___ Supplied material

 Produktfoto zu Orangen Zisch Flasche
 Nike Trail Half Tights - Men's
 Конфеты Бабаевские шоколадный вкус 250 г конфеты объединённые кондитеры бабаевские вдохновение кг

______

Activity
From the line that holds "Nike Trail Half Tights - Men's" down to the last line of the material, copy every line exactly and add nothing.

Task result
 Nike Trail Half Tights - Men's
 Конфеты Бабаевские шоколадный вкус 250 г конфеты объединённые кондитеры бабаевские вдохновение кг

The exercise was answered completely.